■ **Data to use**:
▶
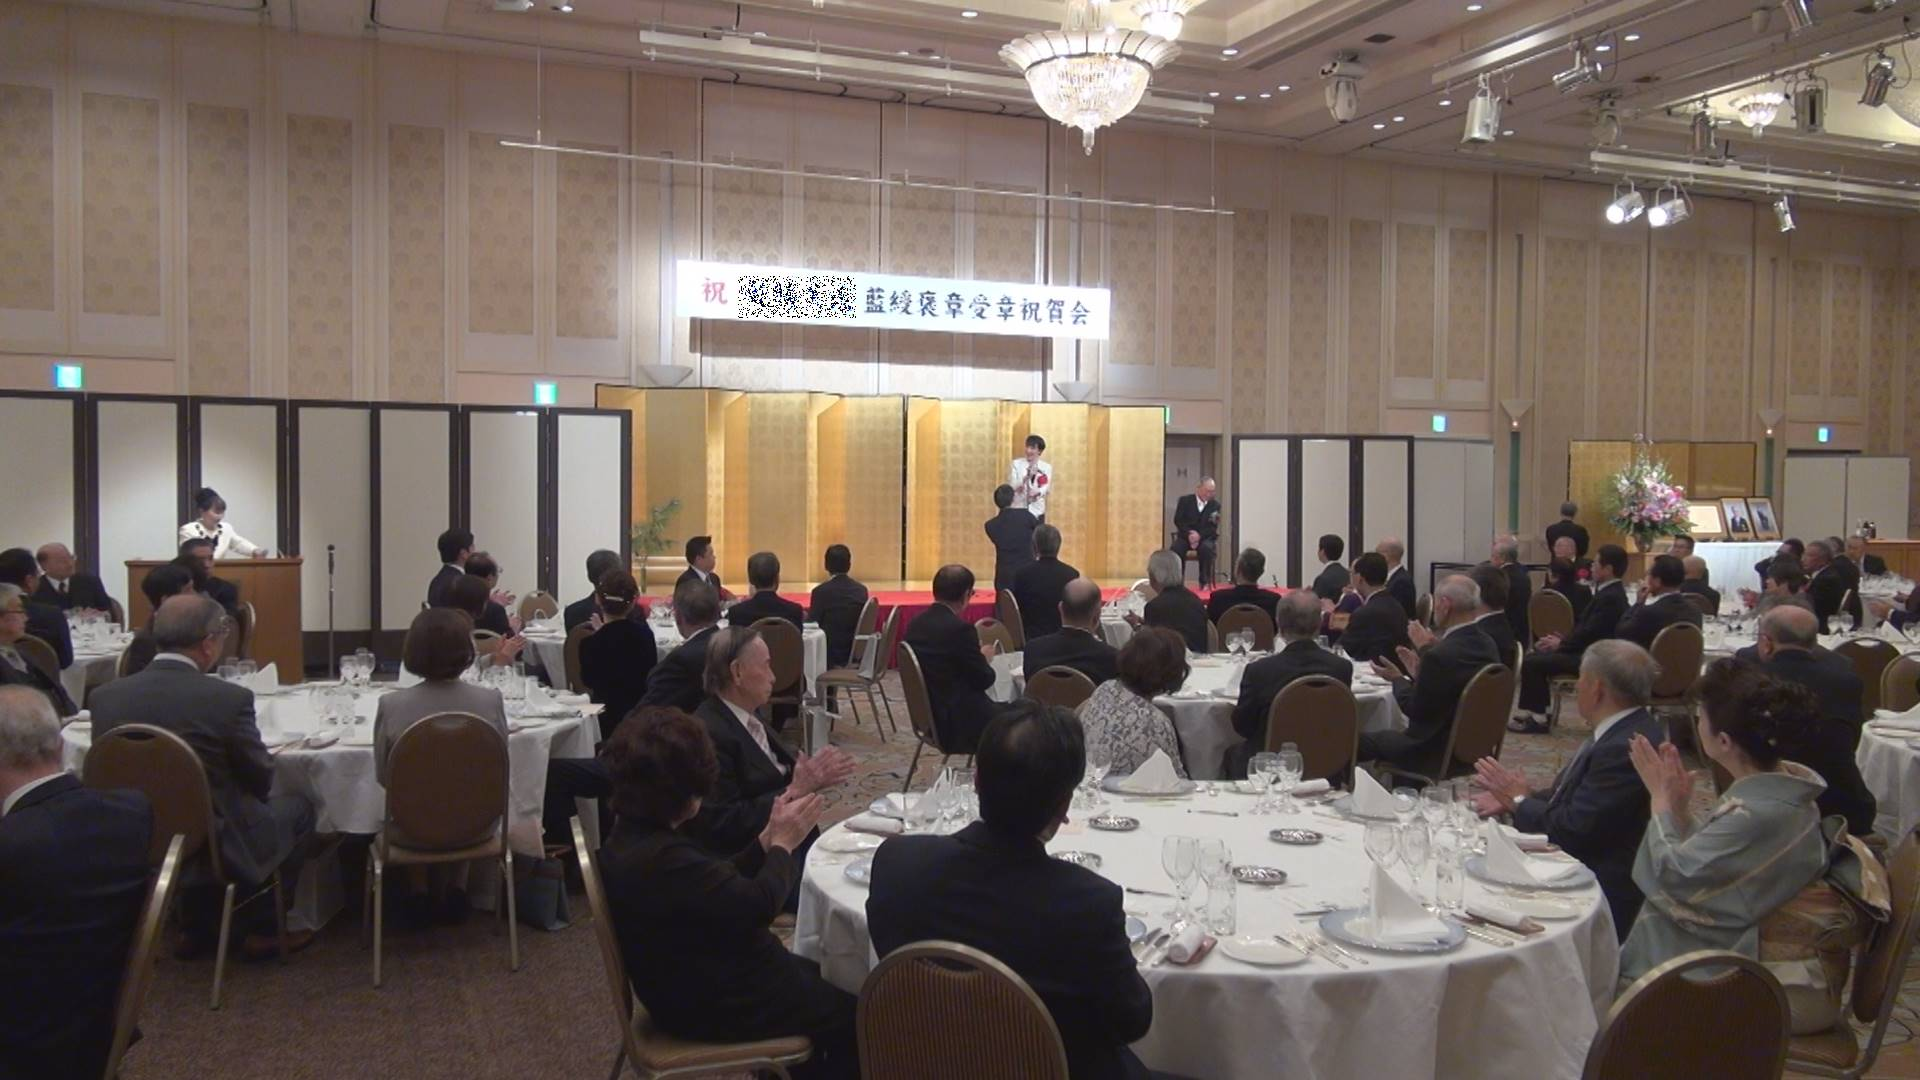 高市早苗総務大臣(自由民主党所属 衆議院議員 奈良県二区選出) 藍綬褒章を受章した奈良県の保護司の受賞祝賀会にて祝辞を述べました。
◀
▶
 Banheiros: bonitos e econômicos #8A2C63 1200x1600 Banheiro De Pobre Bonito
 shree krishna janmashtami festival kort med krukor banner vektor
◀
▶
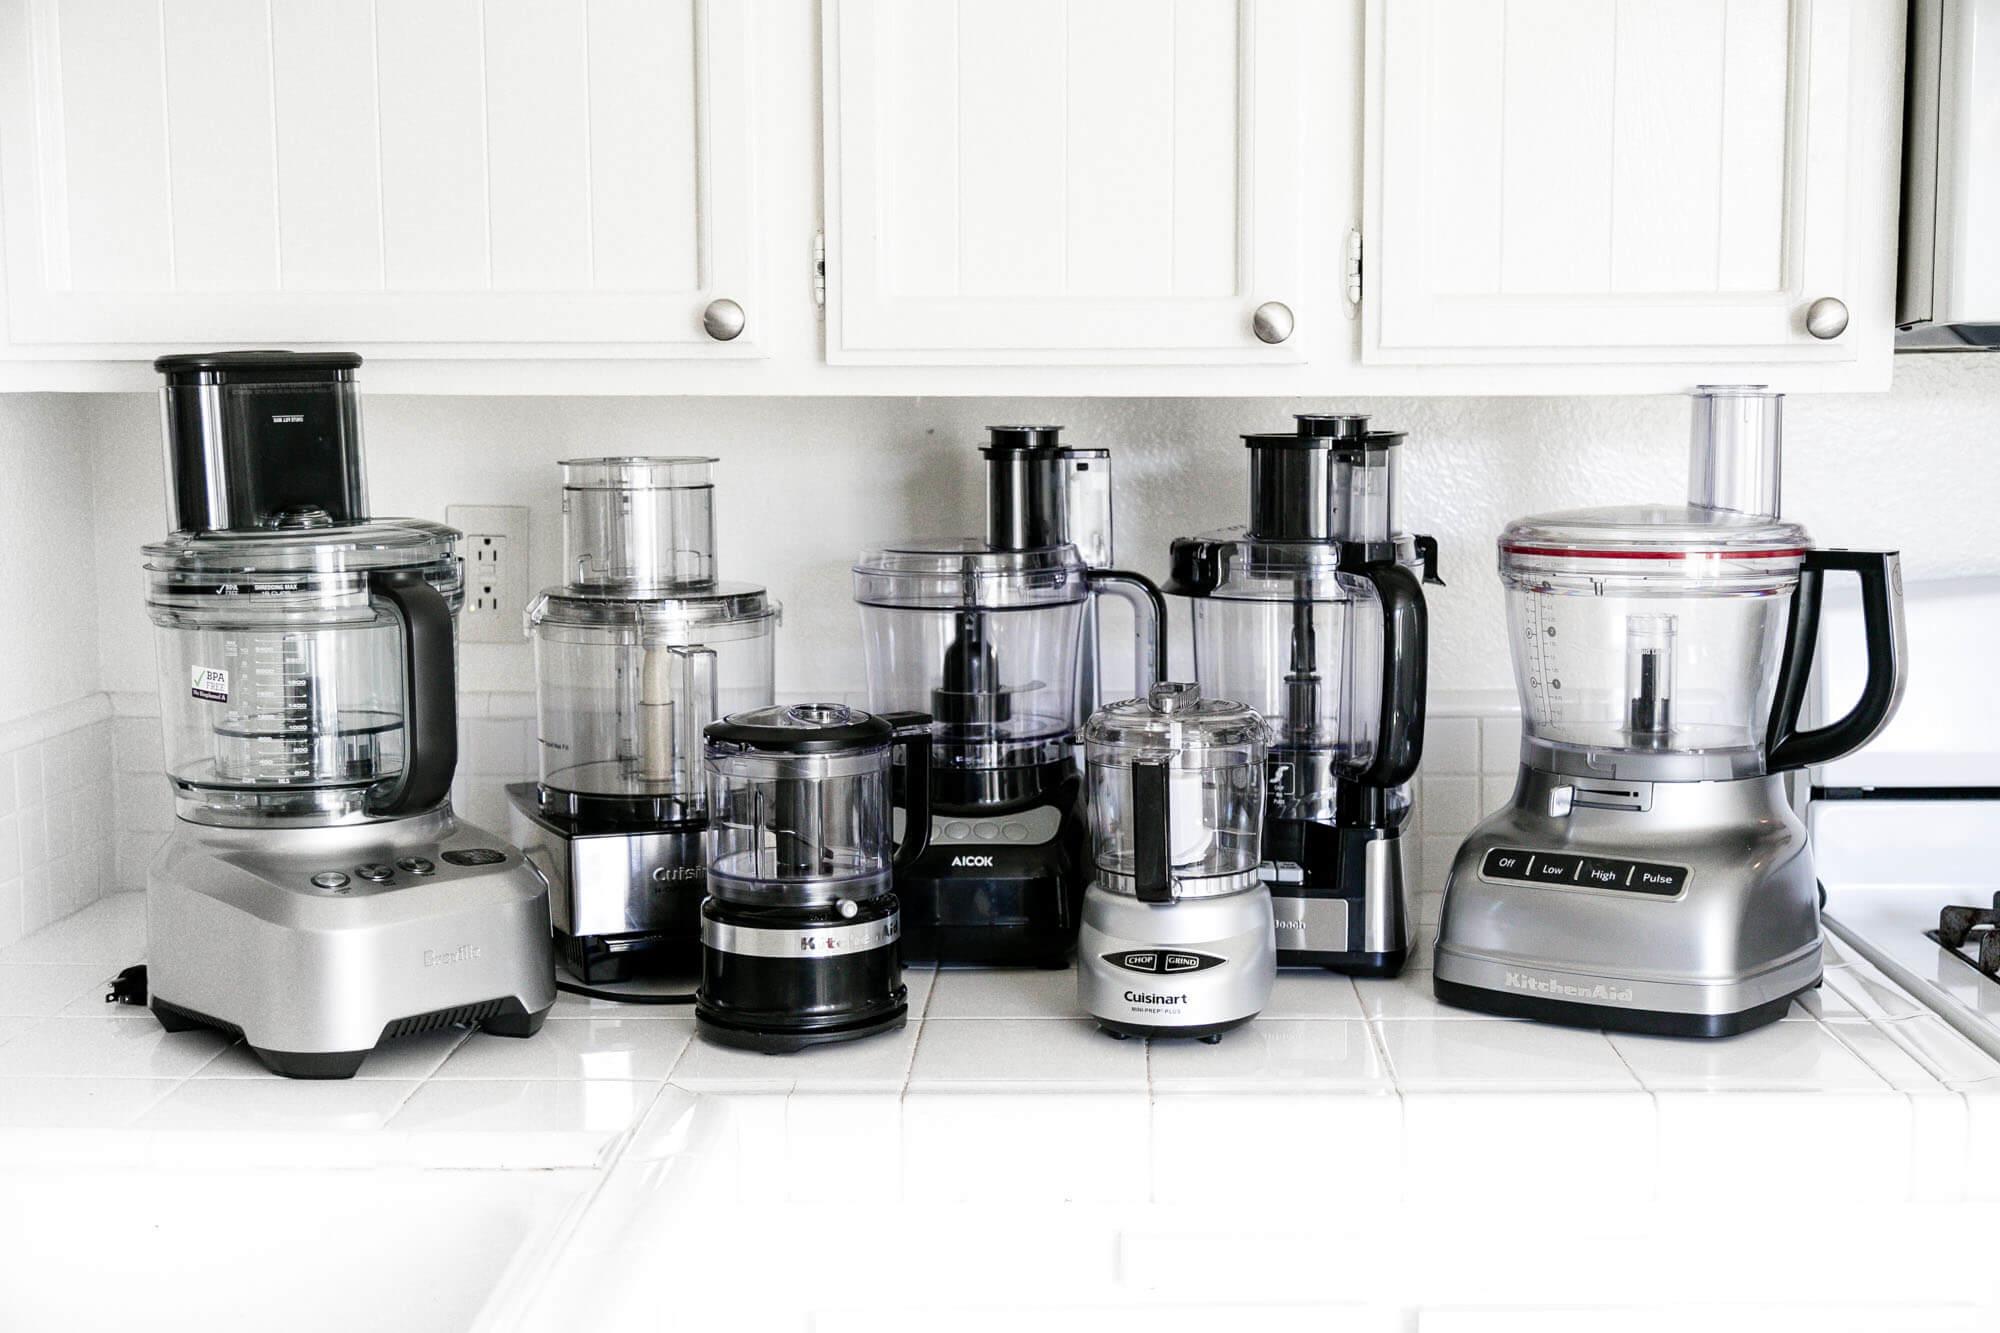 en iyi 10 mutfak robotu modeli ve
◀
■ **What this task involves**: The line above containing "Banheiros: bonitos e", the line containing "shree krishna janmashtami", and every line between them are to be transcribed exactly; no other line is wanted.

■ **Result for this exercise**:
 Banheiros: bonitos e econômicos #8A2C63 1200x1600 Banheiro De Pobre Bonito
 shree krishna janmashtami festival kort med krukor banner vektor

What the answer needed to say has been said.